**Problem to solve**:
Please write out the whole listing that follows exactly; the pictures stay out.

**The data**:
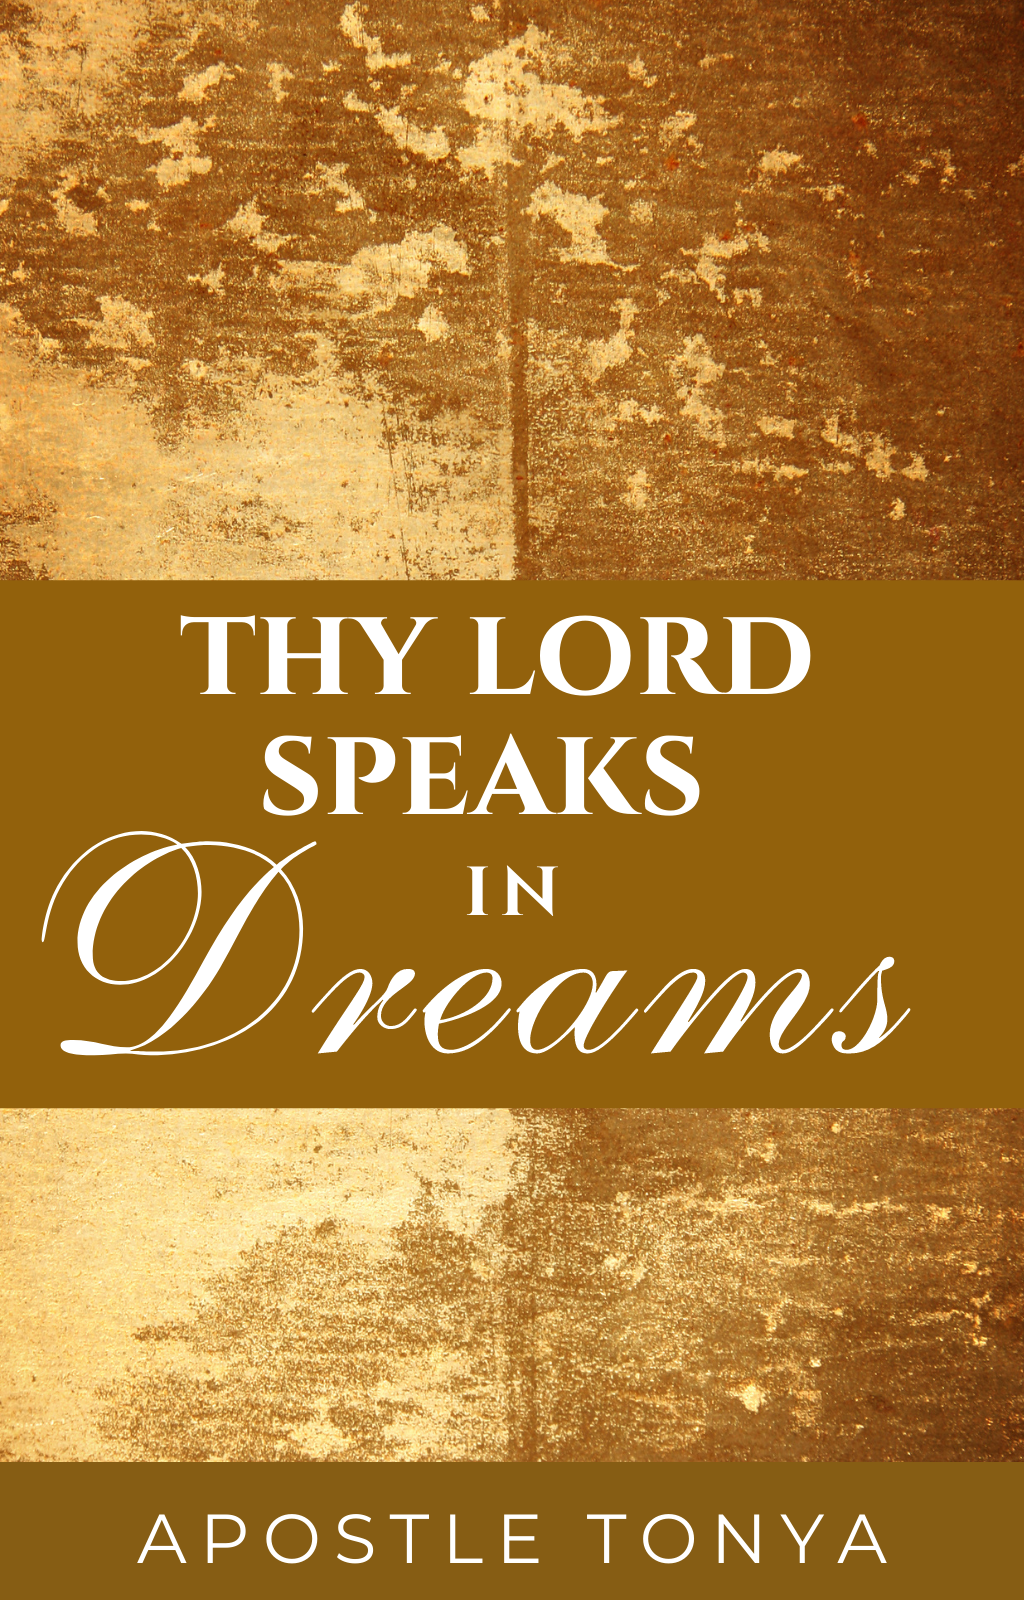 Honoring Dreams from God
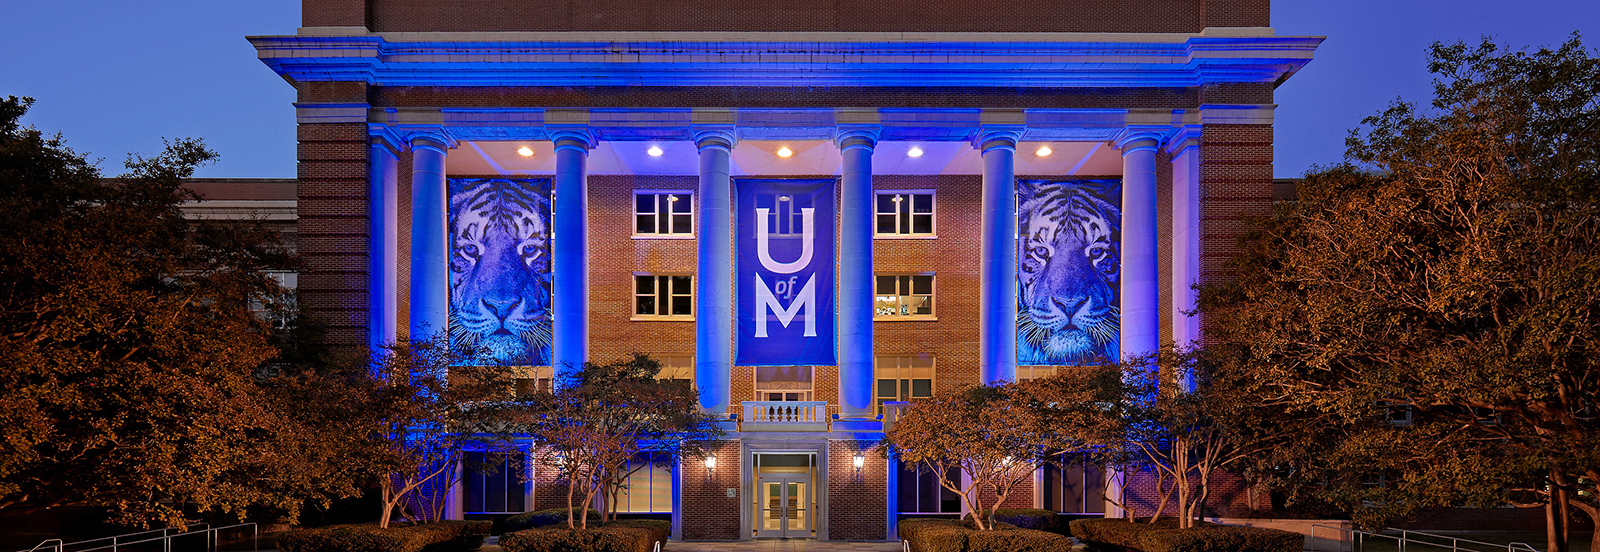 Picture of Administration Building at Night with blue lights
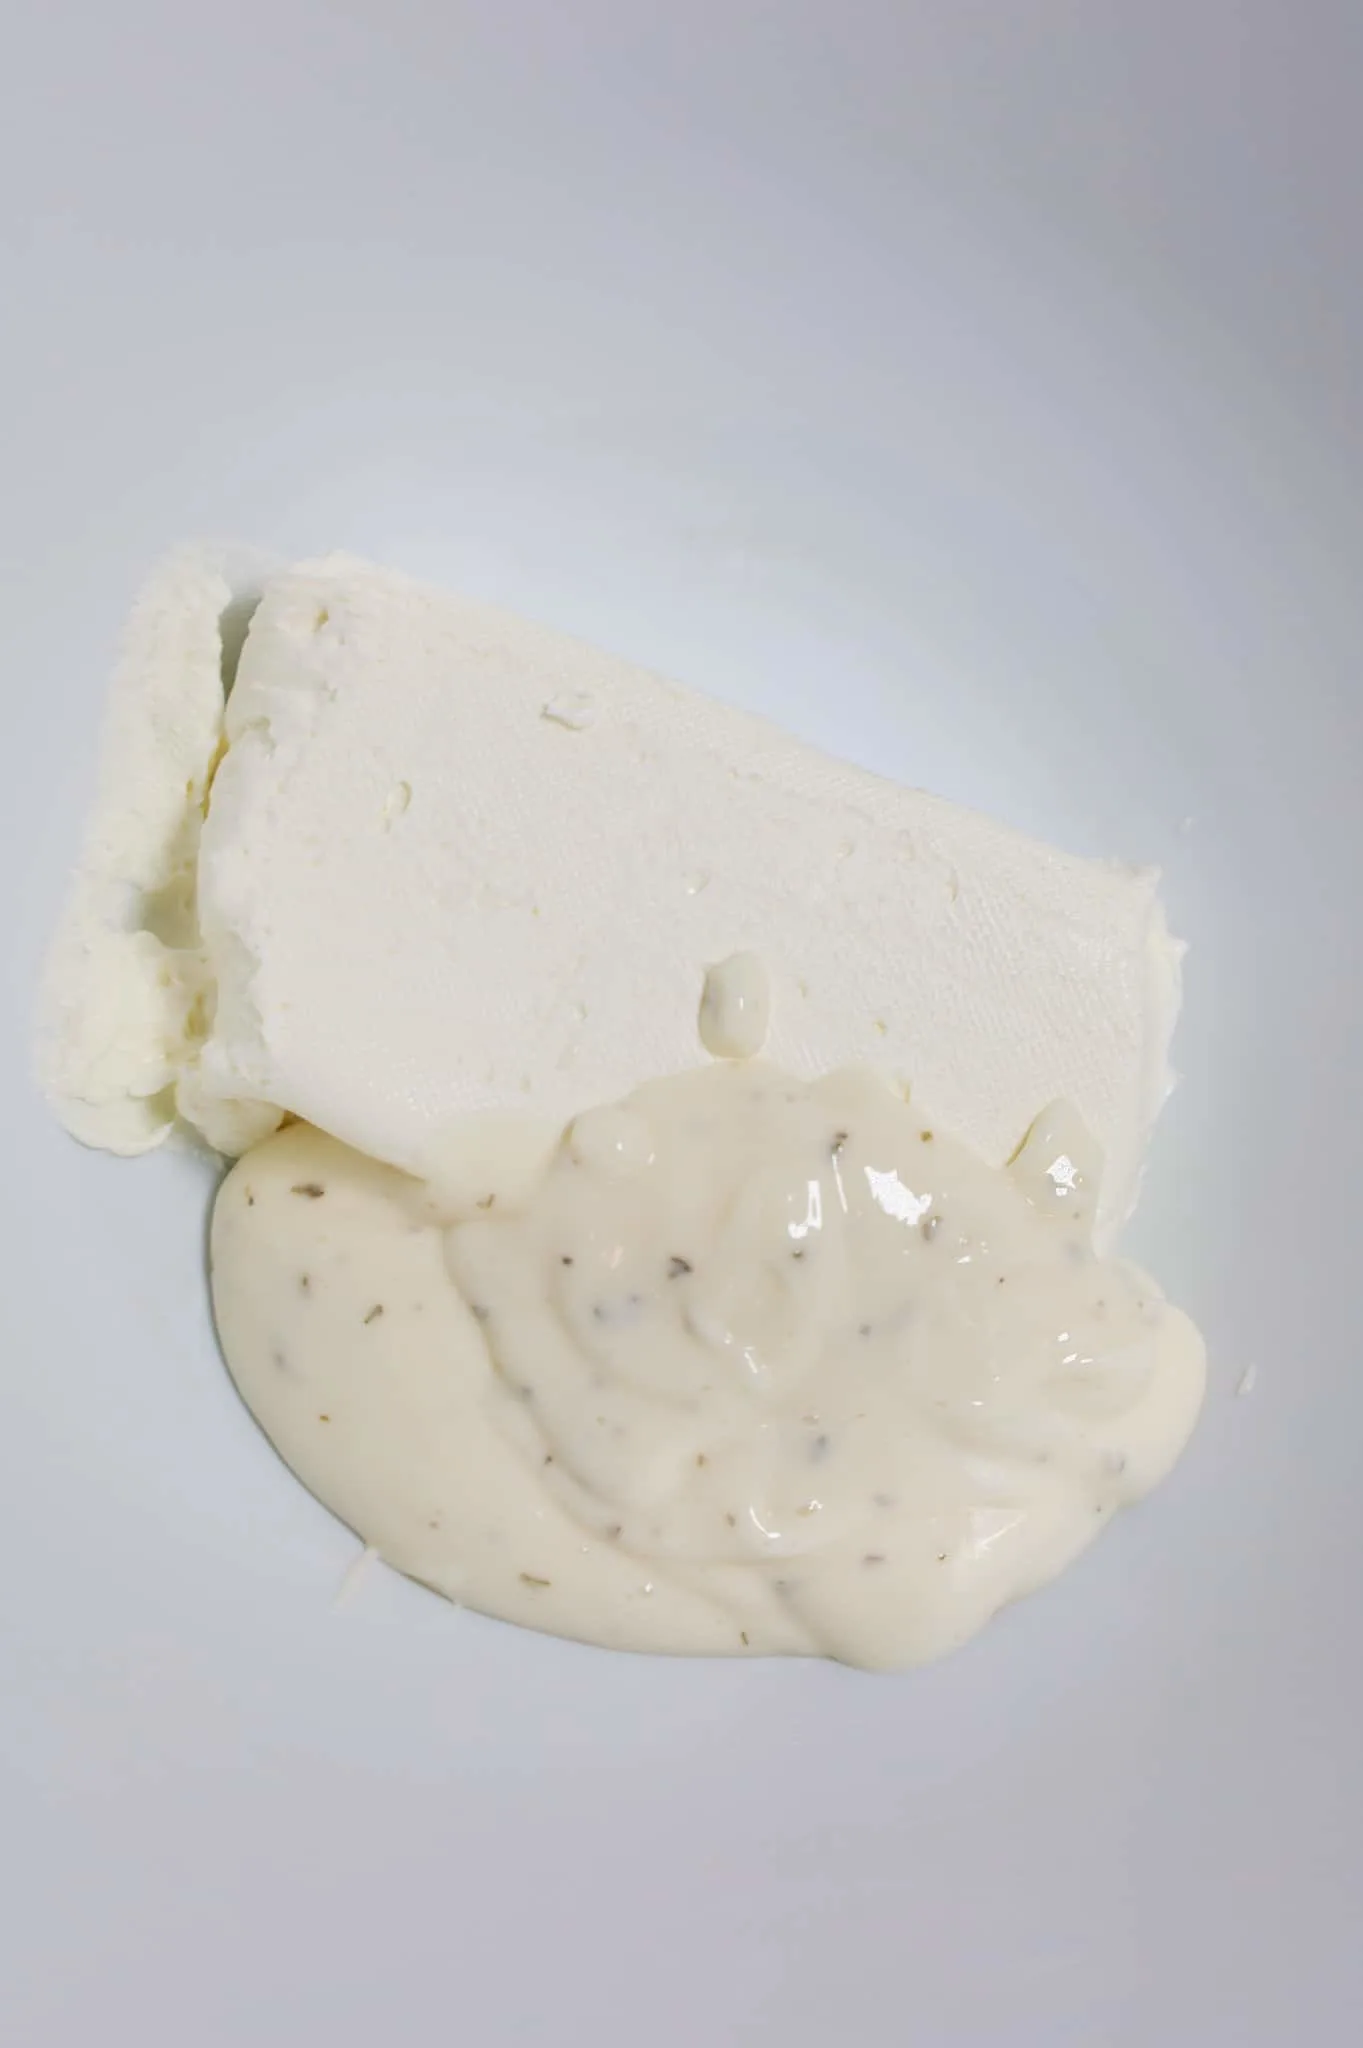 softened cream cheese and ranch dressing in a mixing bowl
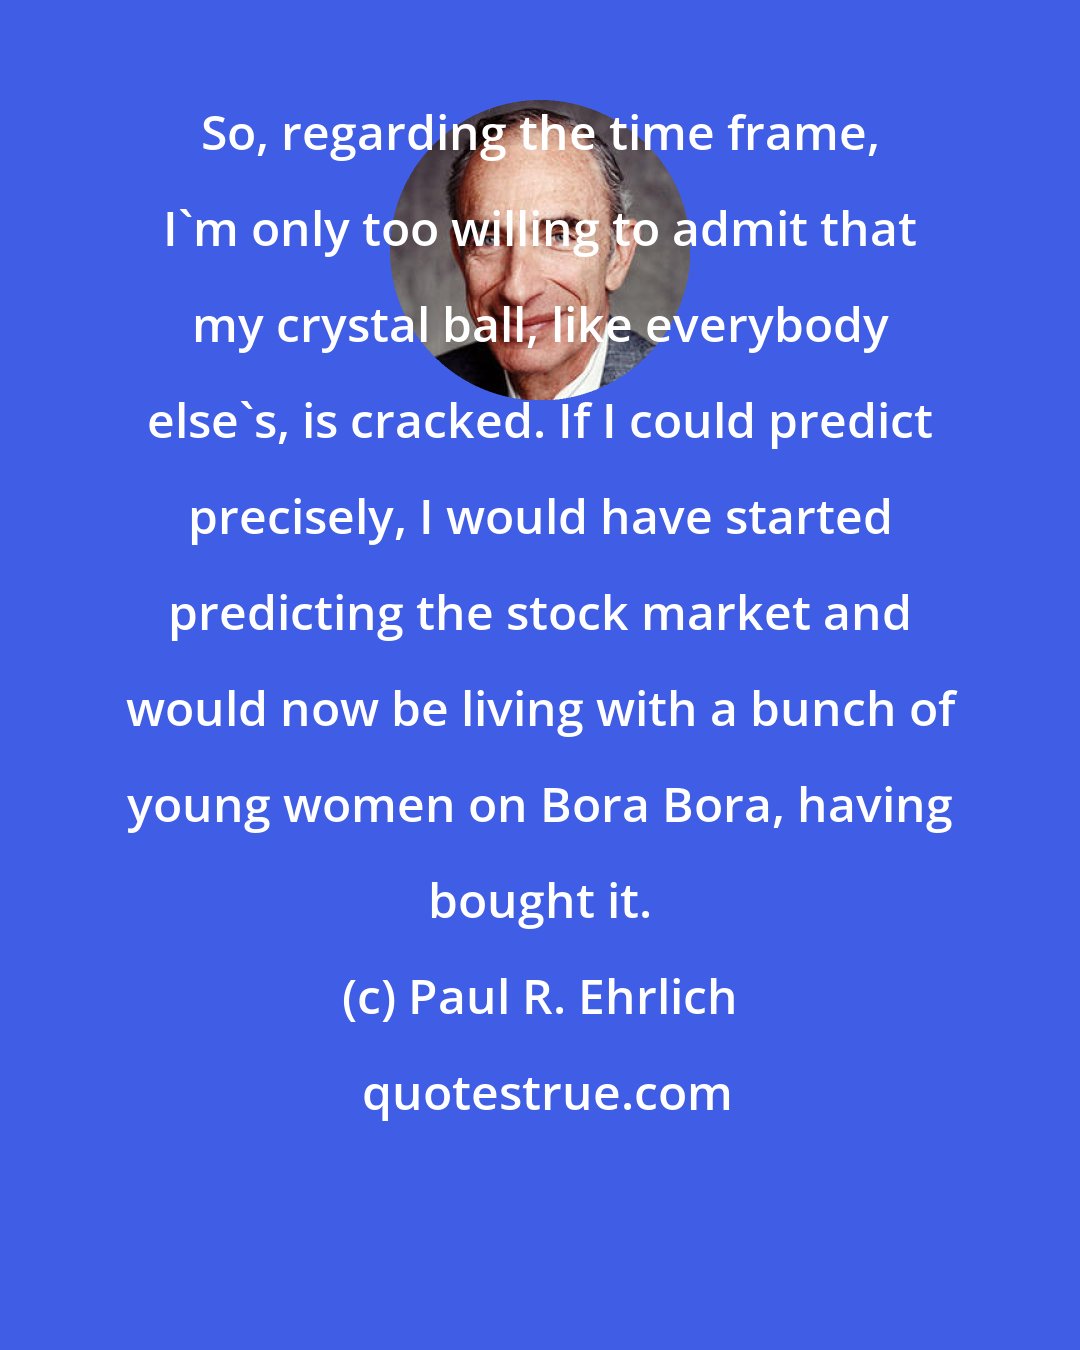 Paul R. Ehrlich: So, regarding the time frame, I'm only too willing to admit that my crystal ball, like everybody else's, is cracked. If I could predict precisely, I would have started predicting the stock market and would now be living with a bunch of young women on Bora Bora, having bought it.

**Solution to the exercise**:
 Honoring Dreams from God
 Picture of Administration Building at Night with blue lights
 softened cream cheese and ranch dressing in a mixing bowl
 Paul R. Ehrlich: So, regarding the time frame, I'm only too willing to admit that my crystal ball, like everybody else's, is cracked. If I could predict precisely, I would have started predicting the stock market and would now be living with a bunch of young women on Bora Bora, having bought it.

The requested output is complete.